__Task goal__. For the entries below, repeat exactly each line starting with the one that contains "Hochbau, Hotellerie, Gastgewerbebau" and going on through the one that contains "Procon notifica três", and no others.

__Records to process__.

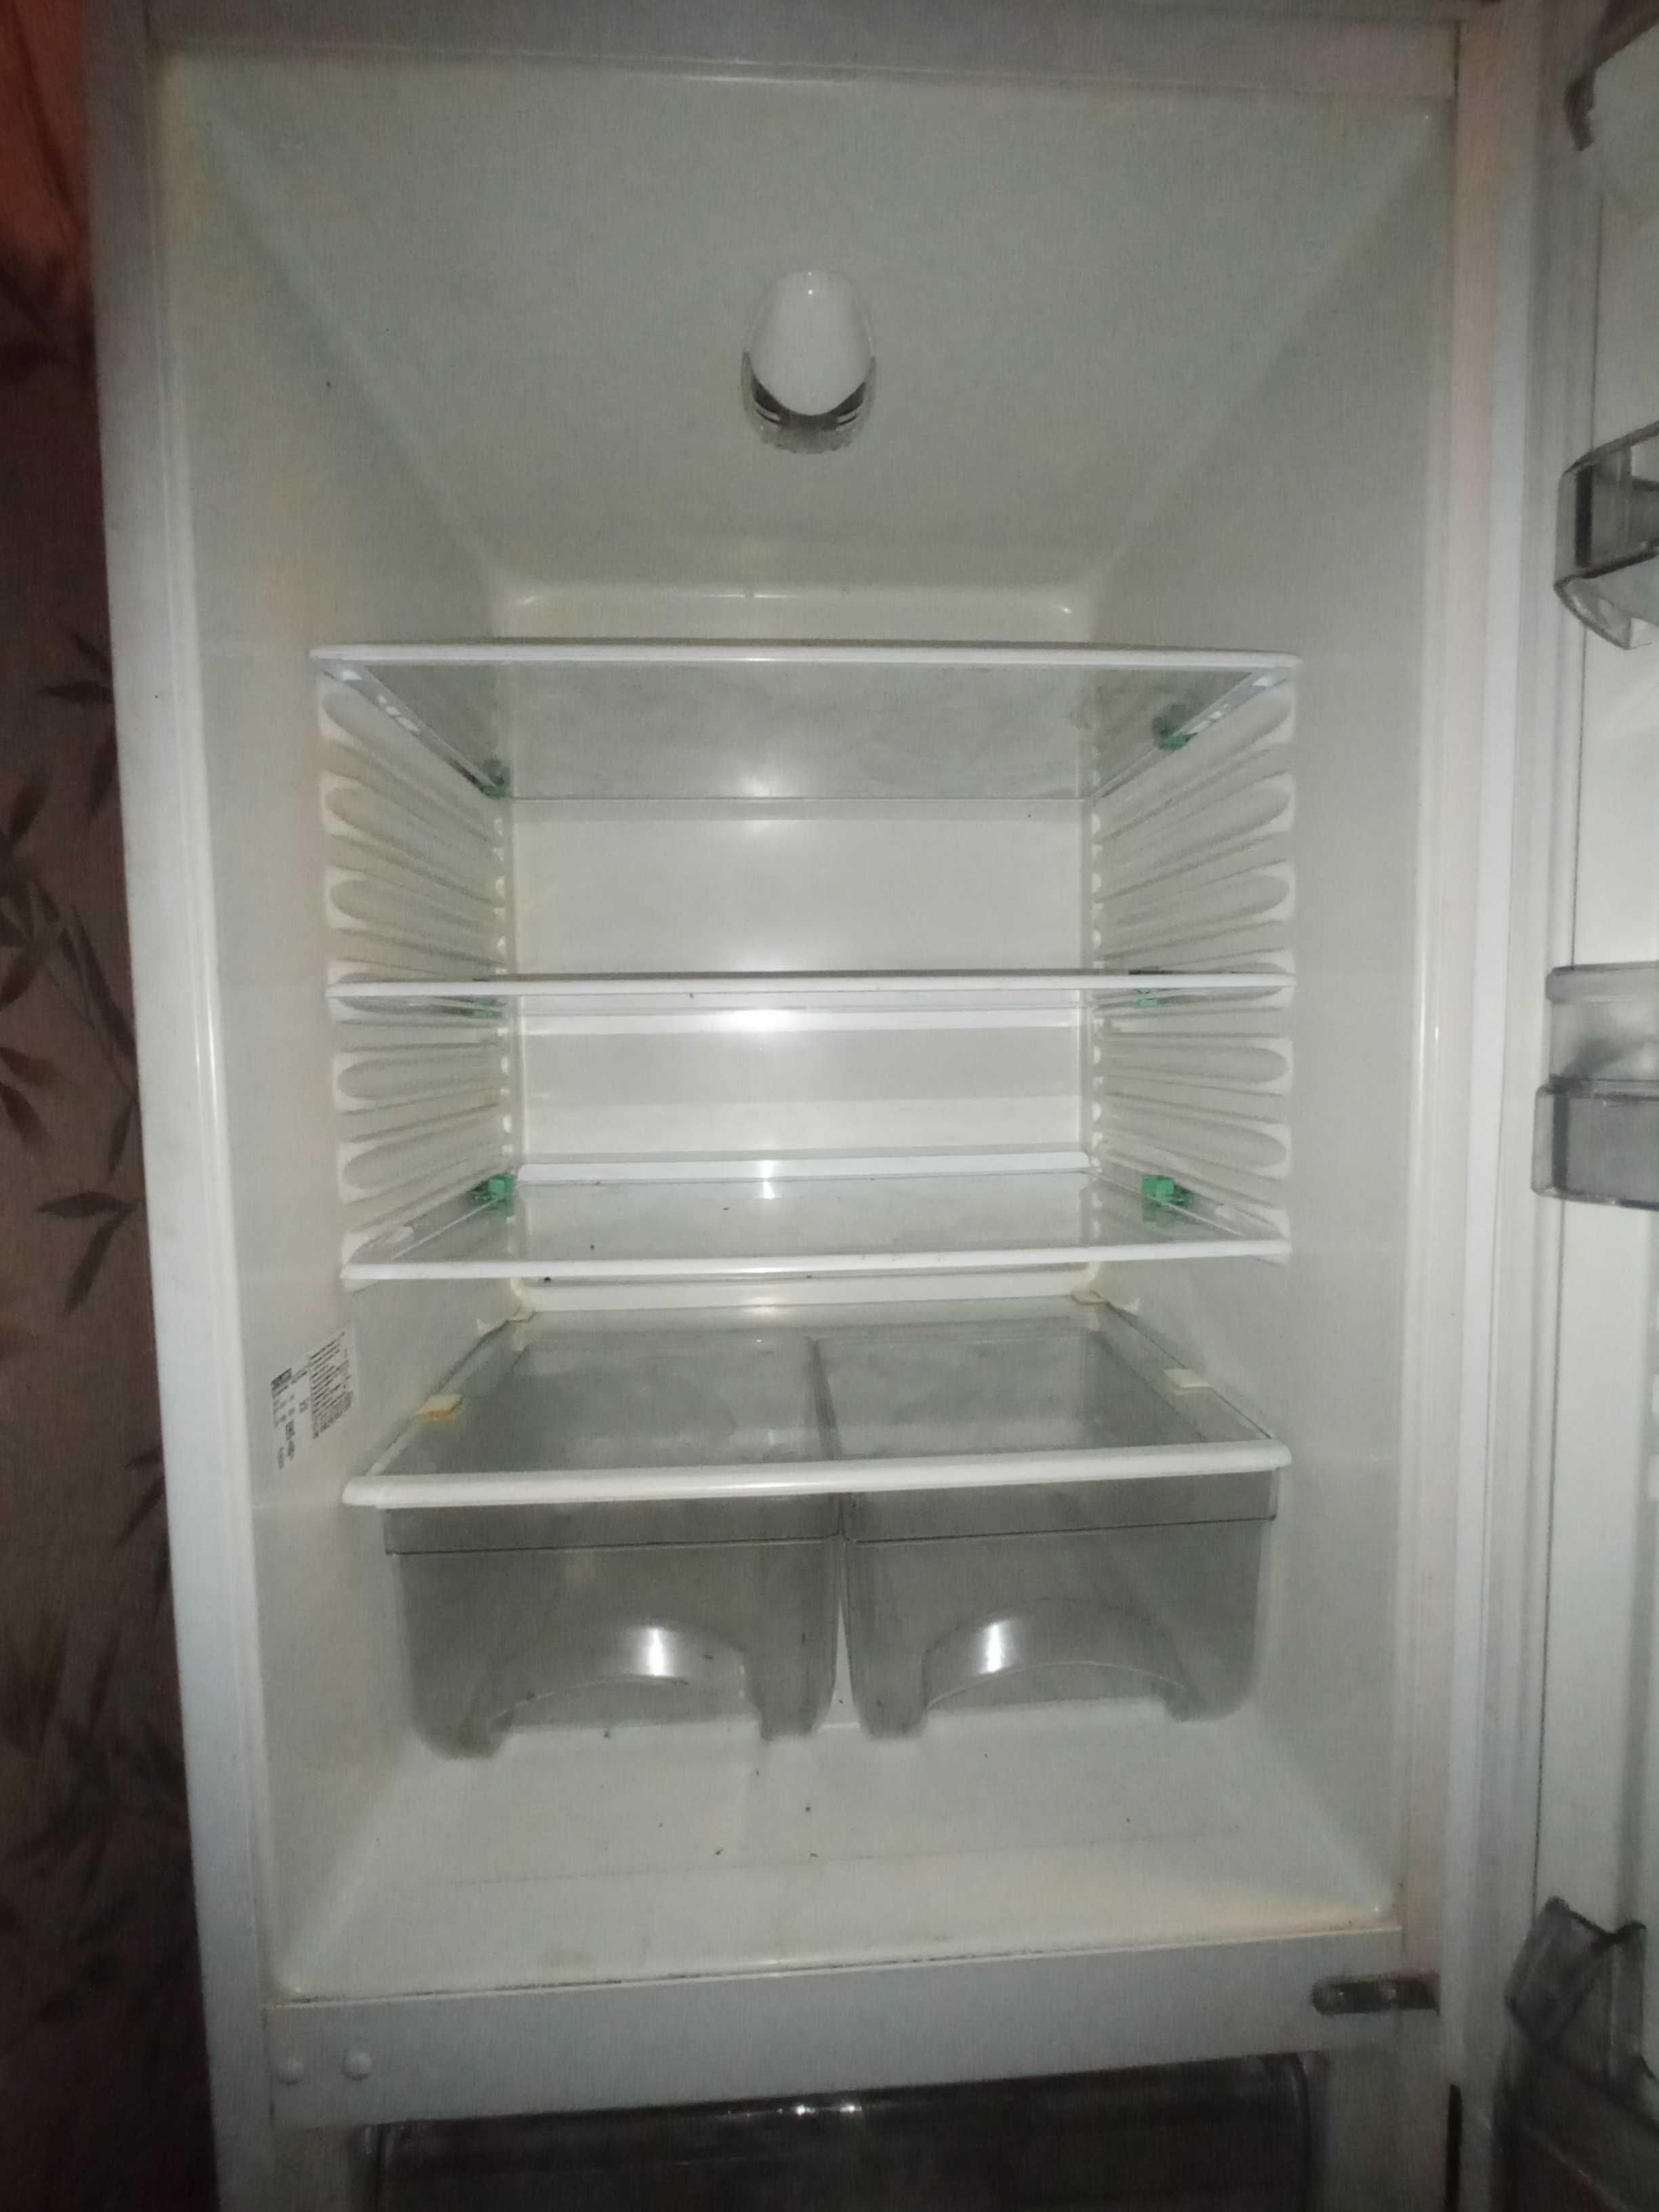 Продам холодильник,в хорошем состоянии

---

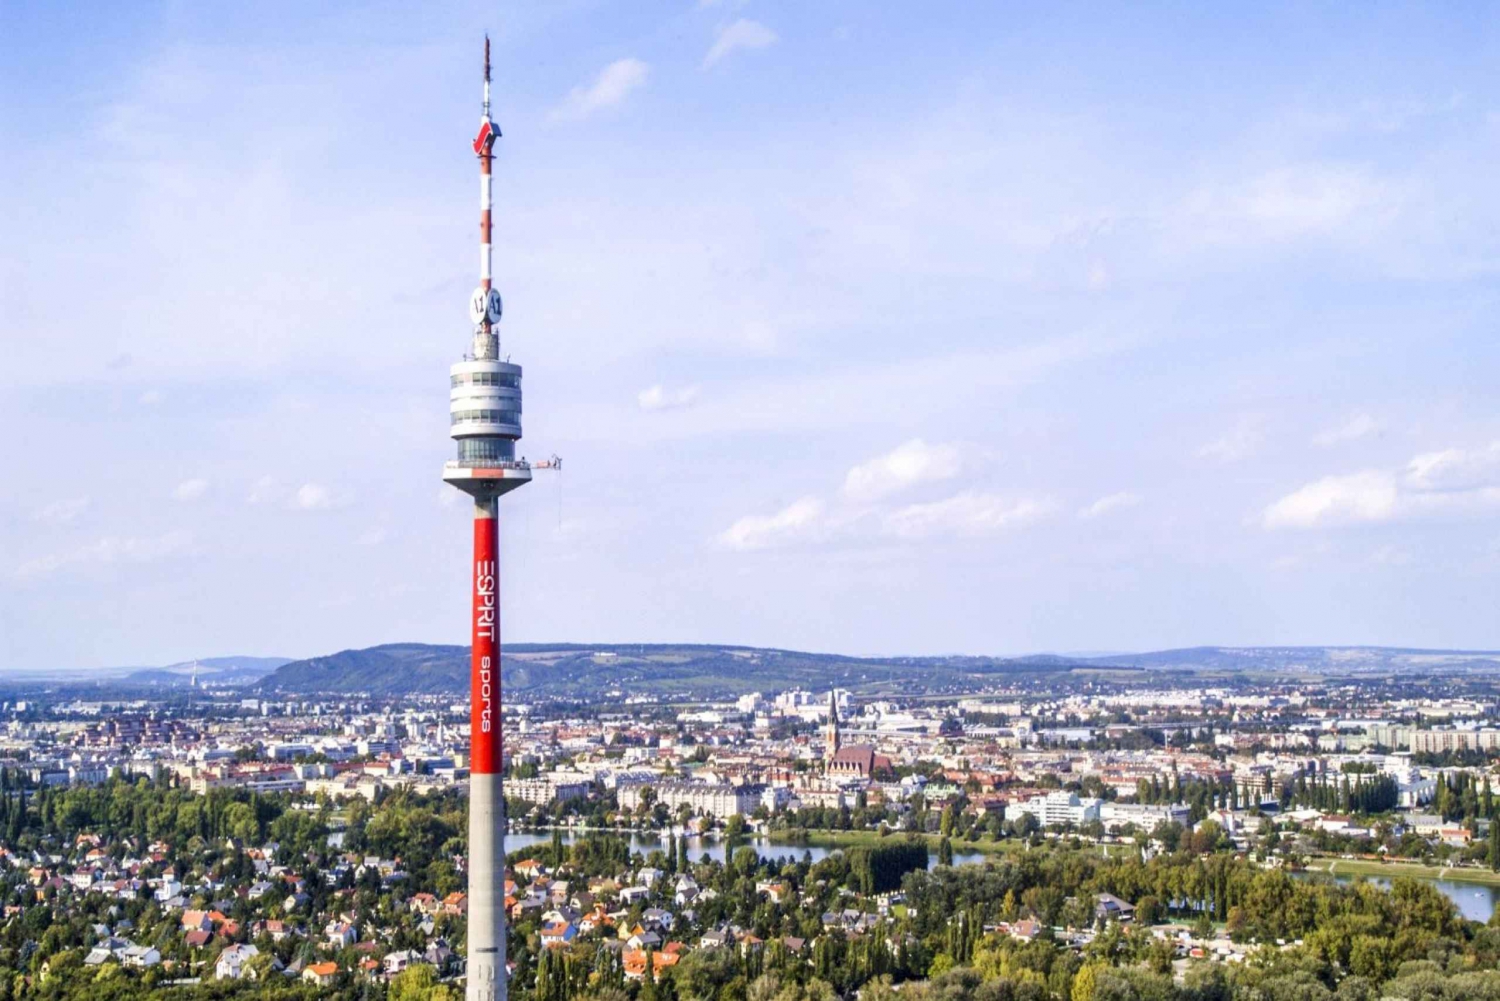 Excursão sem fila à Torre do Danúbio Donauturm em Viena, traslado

==

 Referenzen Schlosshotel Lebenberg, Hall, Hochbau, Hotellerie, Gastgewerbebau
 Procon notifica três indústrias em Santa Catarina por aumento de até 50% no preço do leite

__Exercise result__.
 Referenzen Schlosshotel Lebenberg, Hall, Hochbau, Hotellerie, Gastgewerbebau
 Procon notifica três indústrias em Santa Catarina por aumento de até 50% no preço do leite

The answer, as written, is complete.